Aligned Multi-View Scripts for Universal Chart-to-Code Generation¶

Conference: ACL 2026
arXiv: 2604.24559
Code: GitHub
Area: Code Intelligence / Multimodal
Keywords: Chart-to-Code, Multilingual Alignment, LLaVA, Low-Rank Subspace Adapter, MoE Projector

TL;DR¶

By treating "semantically equivalent scripts of the same chart in Python, R, and LaTeX" as a new supervisory signal, the authors constructed the 176K quadruple dataset Chart2NCode. They proposed CharLuMA, a lightweight adapter adding "language-conditioned low-rank subspace routing" to the LLaVA projector, enabling a single model to achieve high execution rates and visual fidelity across all three plotting languages.

Background & Motivation¶

Background: Chart-to-code (reconstructing executable plotting scripts from chart images) restores static charts to editable and reproducible states. Existing works almost exclusively target Python/matplotlib; recent efforts such as ChartMimic, Plot2Code, and ChartCoder are limited to a single language.

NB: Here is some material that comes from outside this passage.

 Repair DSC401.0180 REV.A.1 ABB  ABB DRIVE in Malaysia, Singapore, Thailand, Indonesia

Limitations of Prior Work: (1) In real-world academia, R (ggplot2) and LaTeX (TikZ) are publication standards for many disciplines, making single Python output insufficient; (2) Deeper still, equivalent scripts in different languages for the same chart naturally serve as a multi-view supervisory signal, which single-language datasets fail to exploit; (3) Simply feeding multilingual data into a single model requires either independent experts for each language (doubling parameters and precluding knowledge sharing) or leads to inter-language interference and specialization imbalance.

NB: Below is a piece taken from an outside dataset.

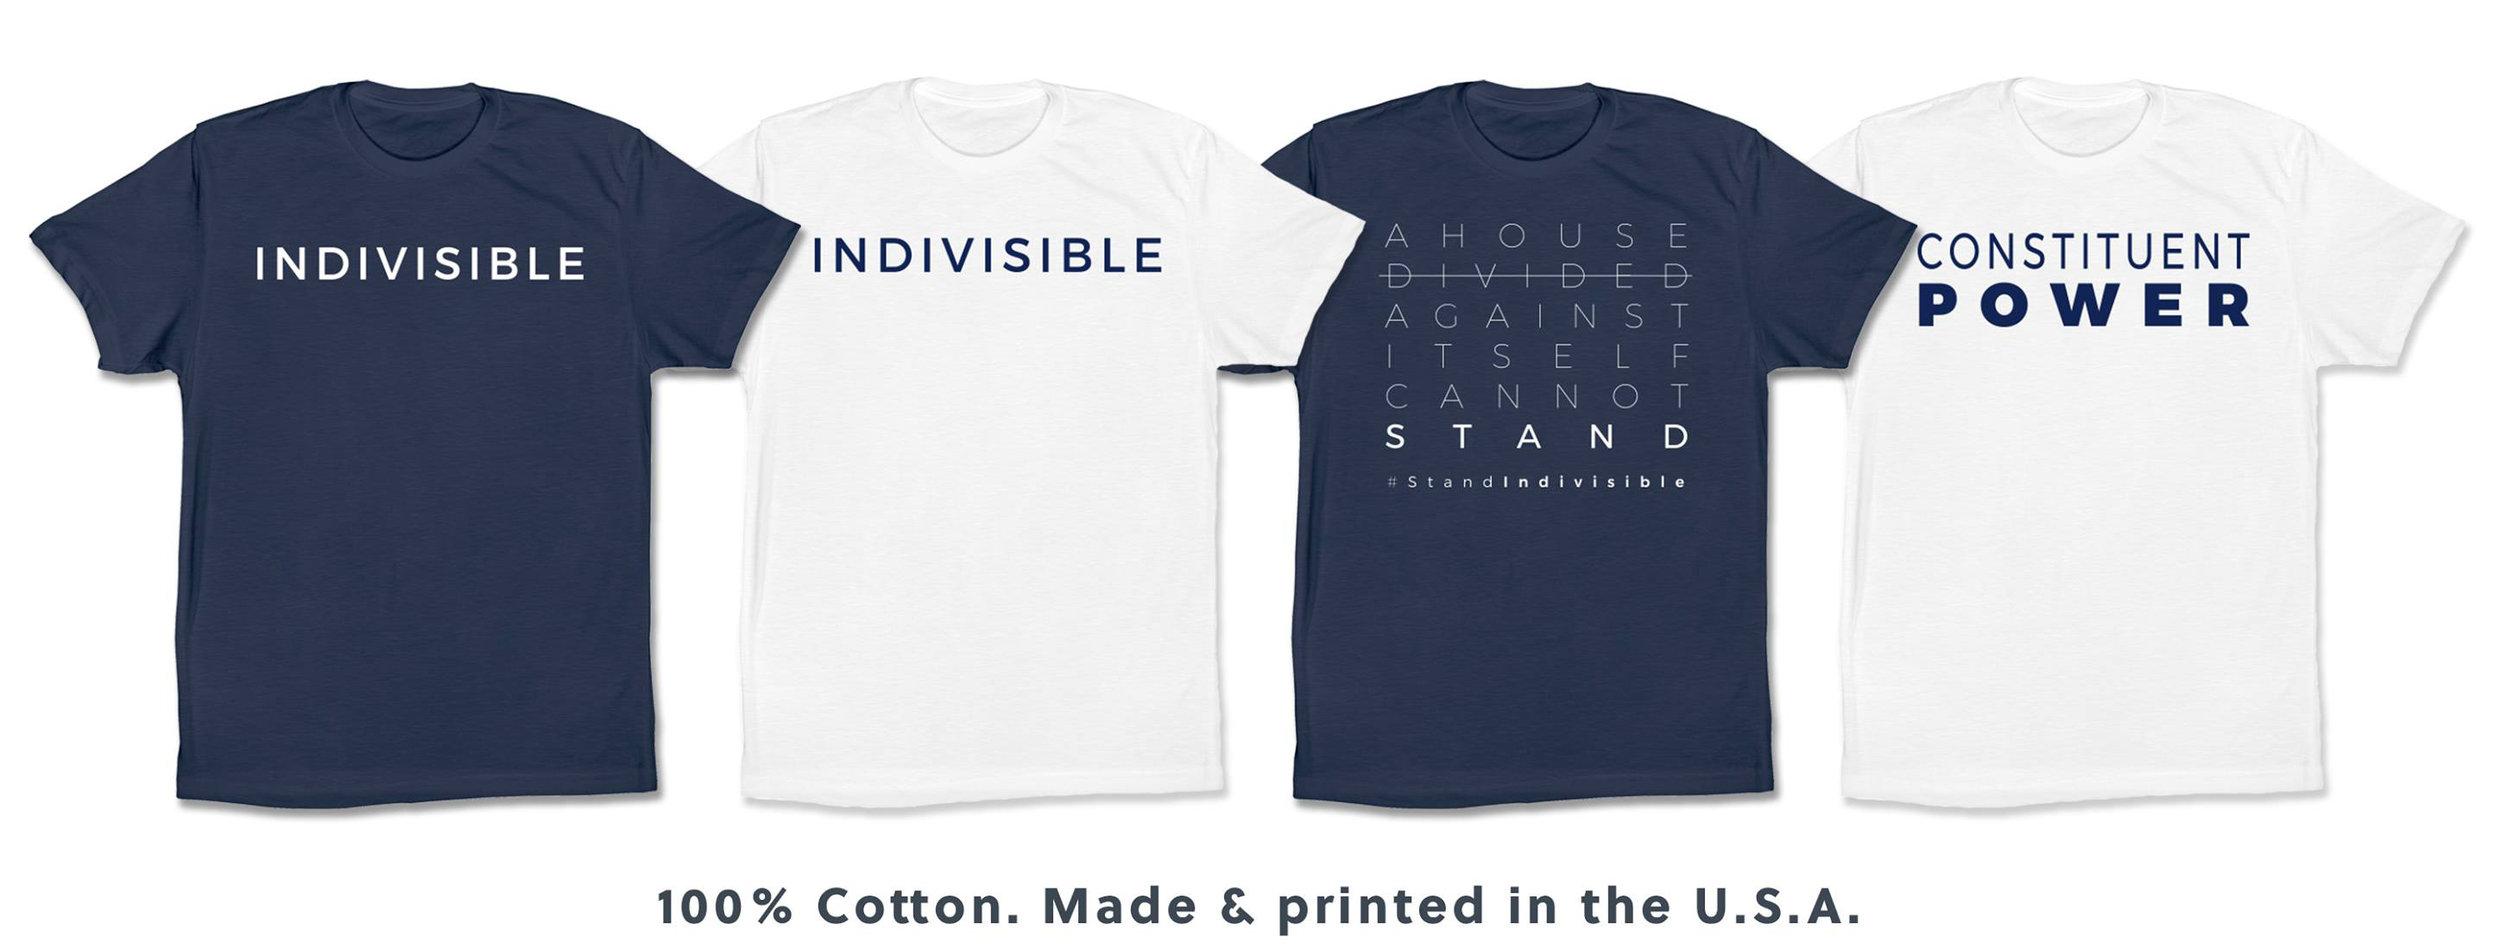 Indivisible T-Shirts

Key Challenge: The model must "share a single semantic understanding of the chart" while "passing through specialized syntactic channels according to the target language"—two tasks that conflict when handled by a single LLaVA MLP projector.

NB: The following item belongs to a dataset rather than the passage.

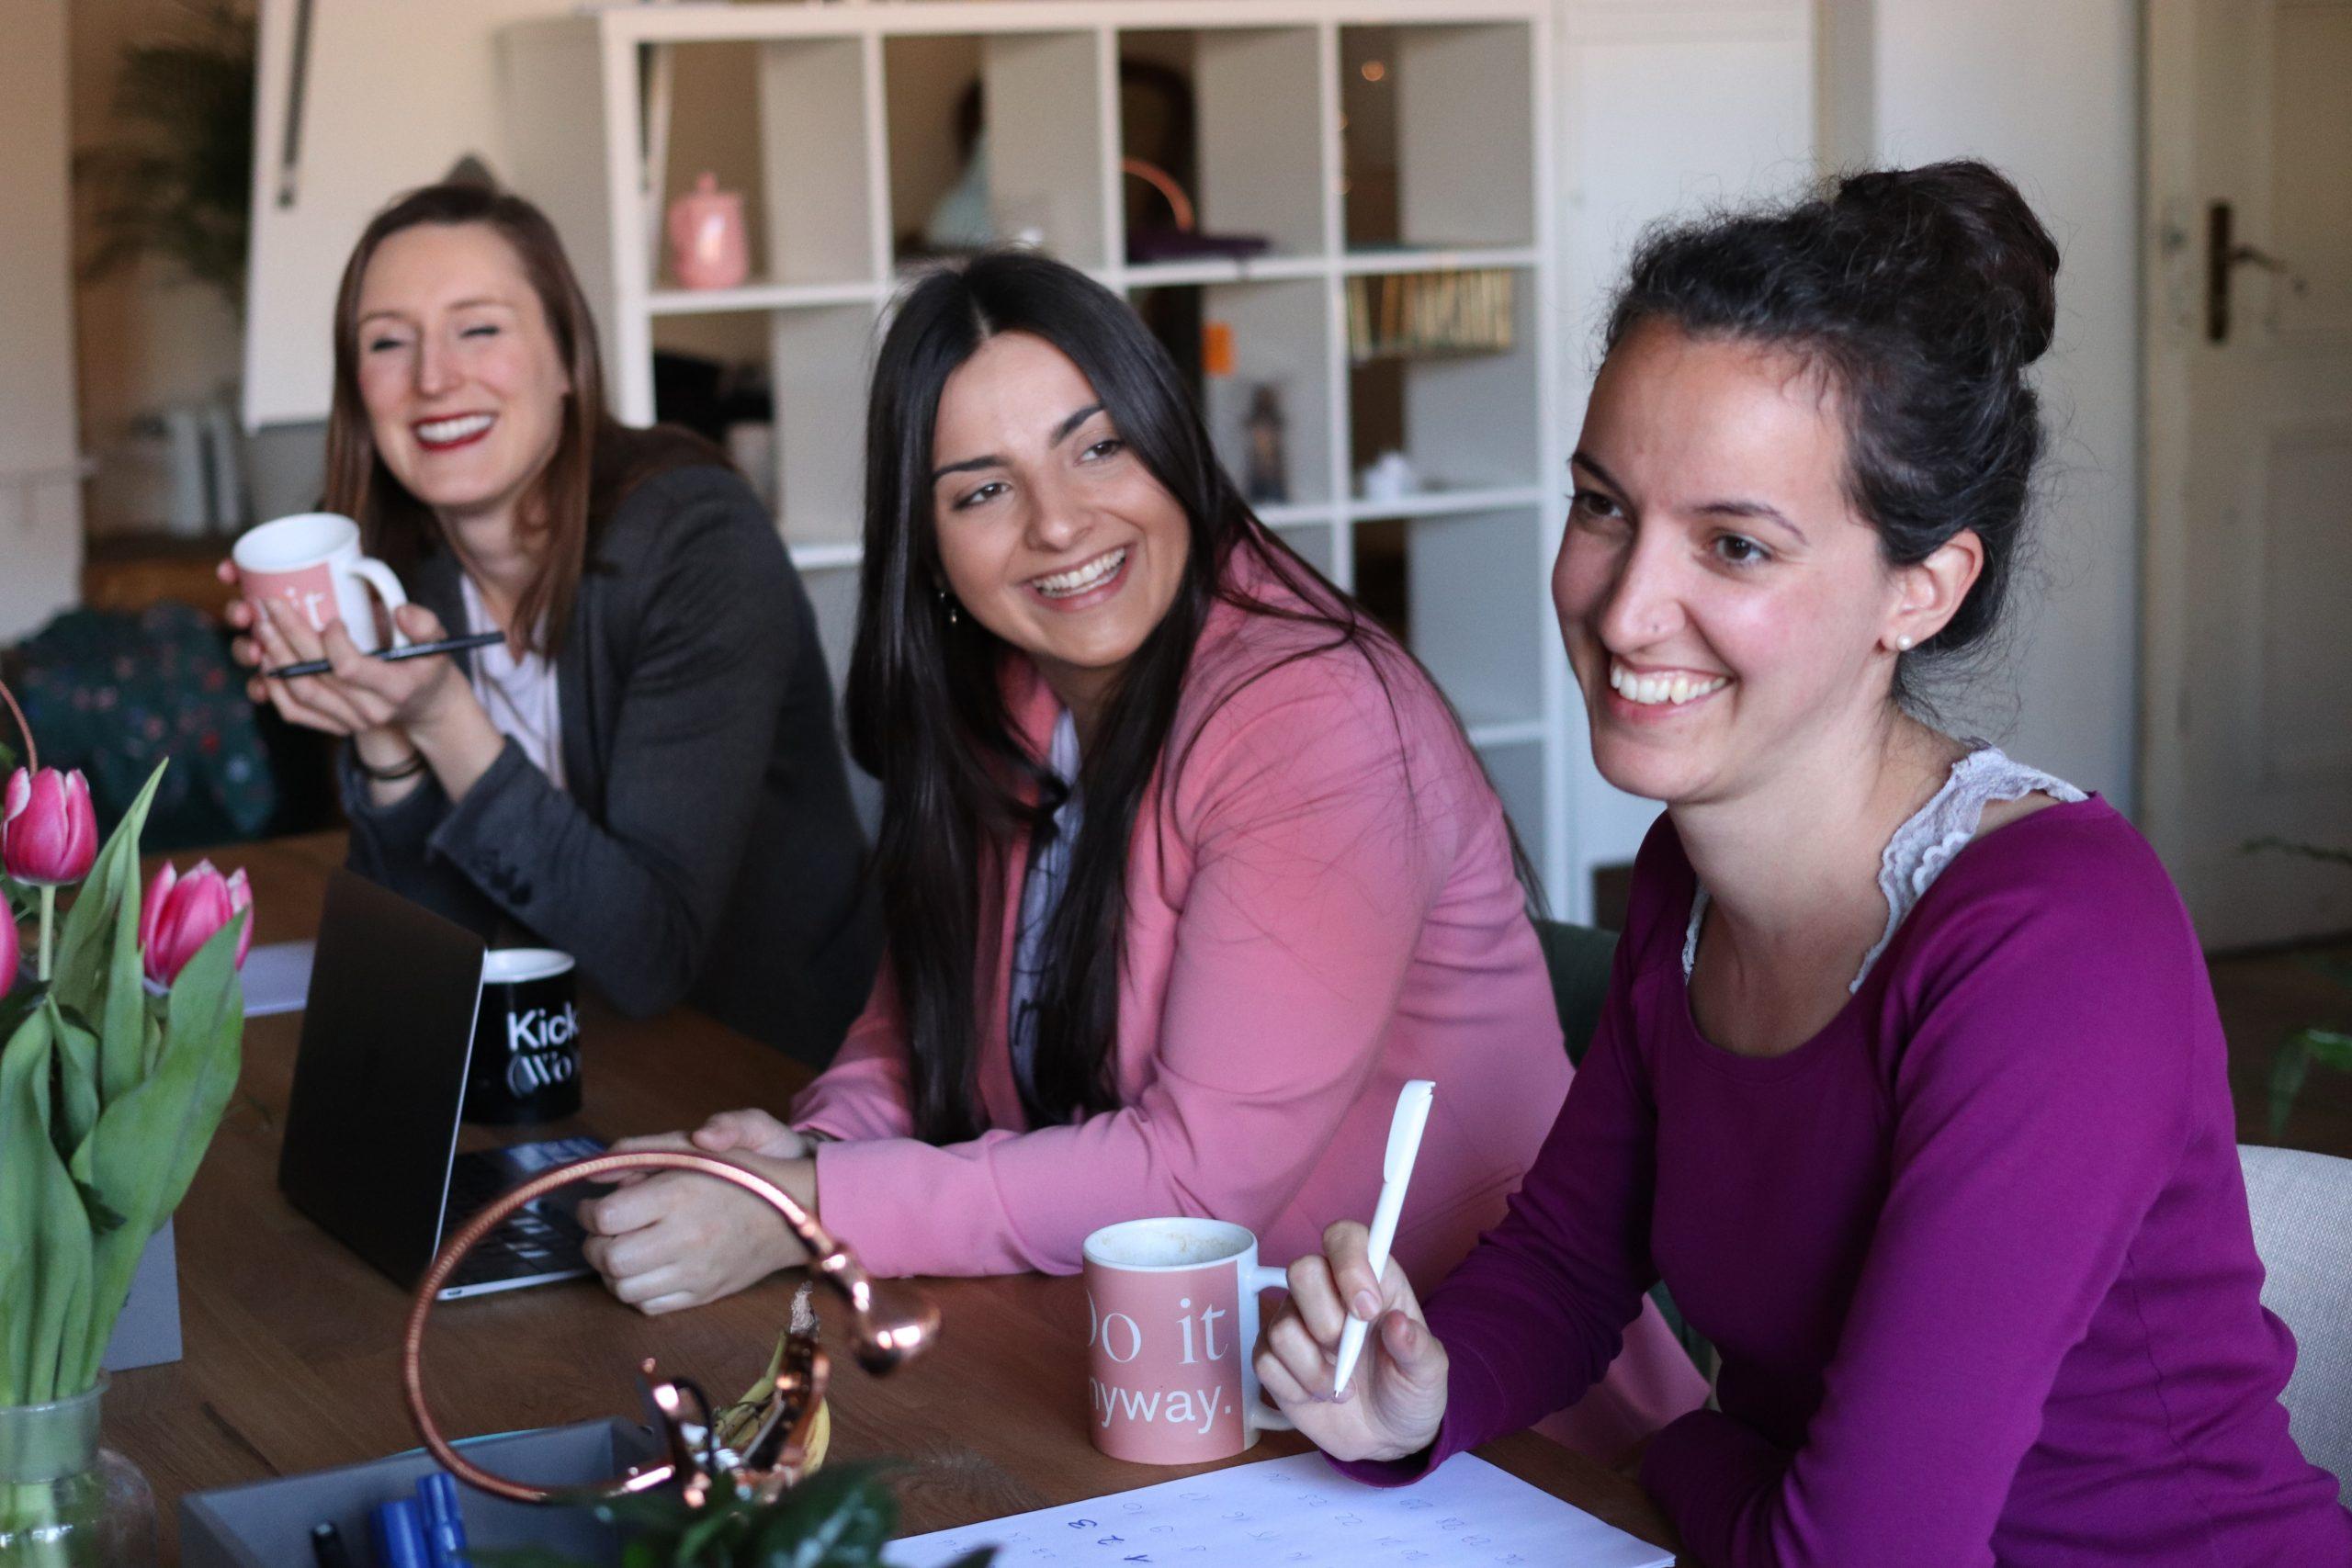 Klub inwestycyjny dla kobiet osiąga lepsze wyniki niż klub inwestycyjny dla mężczyzn

Goal: (a) Provide the first chart-code quadruple dataset aligned across Python, R, and LaTeX; (b) Design a parameter-efficient multilingual adaptation mechanism that specializes syntactic output while maintaining shared visual understanding.

Key Insight: Different language scripts are viewed as "complementary views" of the same chart semantics, aligned following the principles of multi-view representation learning. Architecturally, drawing from Mixture-of-Subspaces LoRA, a low-rank subspace pool and language-conditioned routing replace "independent language experts."

Core Idea: Utilize a "metadata-template" pipeline to synthesize cross-language aligned scripts and use a "low-rank subspace adapter + language routing" to lightly insert language specialization capabilities into the LLaVA projector.

Method¶

Overall Architecture¶

(1) Chart2NCode Data Construction: Python, LaTeX, and R single-language scripts are first collected. A unified "figure / axis / object" three-level metadata is extracted via execution and parsing. These are then matched against a manual template pool (202 templates × 20+ chart sub-types) at the object level to instantiate scripts in three languages. Samples with template misses or execution failures are handled by GPT-4o LLM-assisted debugging, while rendering failures are discarded. The final 176K quadruples include 14.7% corrected by LLM.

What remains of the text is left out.